As per the 2011 census, in Ketugram I CD block, amongst the 62 inhabited villages, all villages had schools, 50 villages had two or more primary schools, 28 villages had at least 1 primary and 1 middle school and 24 villages had at least 1 middle and 1 secondary school.

More than 6,000 schools (in erstwhile Bardhaman district) serve cooked midday meal to more than 900,000 students.

Kandra Radha Kanta Kundu Mahavidyalaya, established in 2001, is affiliated to the University of Burdwan.

==Healthcare==
In 2014, Ketugram I CD Block had 1 block primary health centre and 2 primary health centres with total 28 beds and 5 doctors (excluding private bodies). It had 24 family welfare subcentres. 10,083 patients were treated indoor and 180,625 patients were treated outdoor in the hospitals, health centres and subcentres of the CD Block.
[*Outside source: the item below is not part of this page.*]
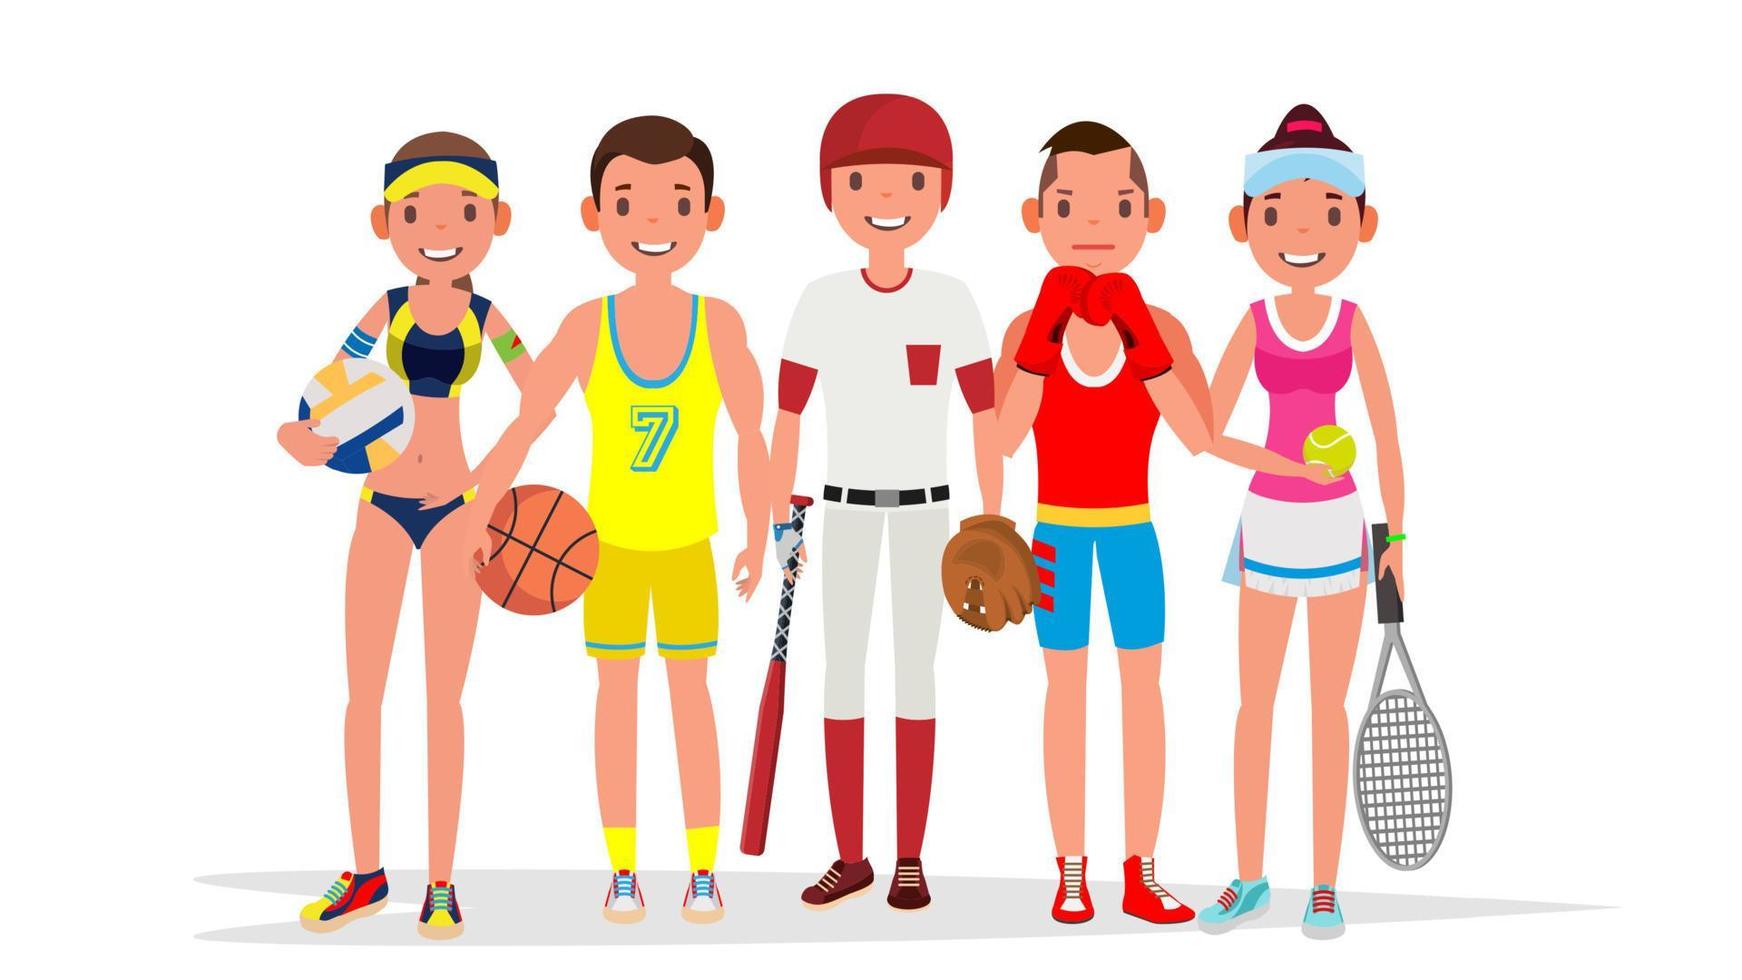 Sommersport-Vektor. gruppe von spielern im boxen, basketball, volleyball, baseball. lokalisiert auf weißer flacher karikaturillustration vektor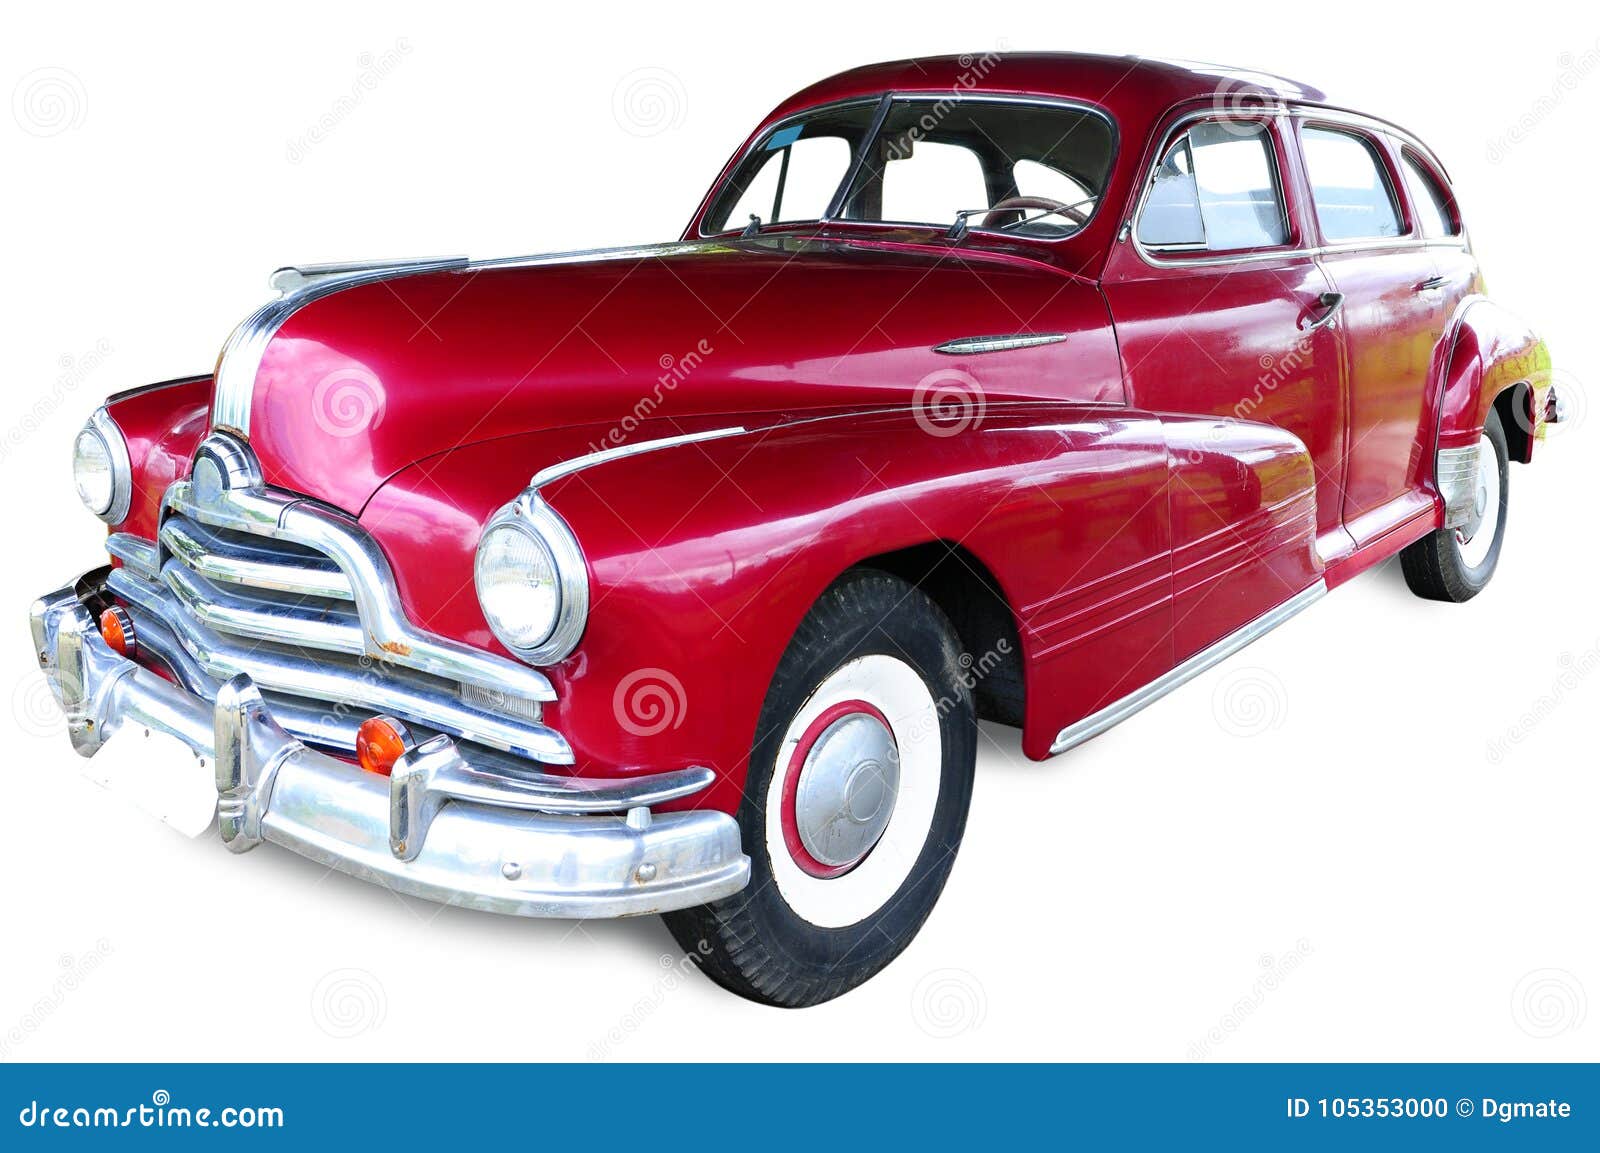 classic vintage car

Ramjibanpur Rural Hospital at Ramjibanpur, PO Jnandas Kandra (with 30 beds) is the main medical facility in Ketugram I CD block. There are primary health centres at Ankhona (with 2 beds) and Pandugram, PO Khatundi (with 10 beds).

Ketugram I CD Block is one of the areas of Bardhaman district which is affected by a low level of arsenic contamination of ground water.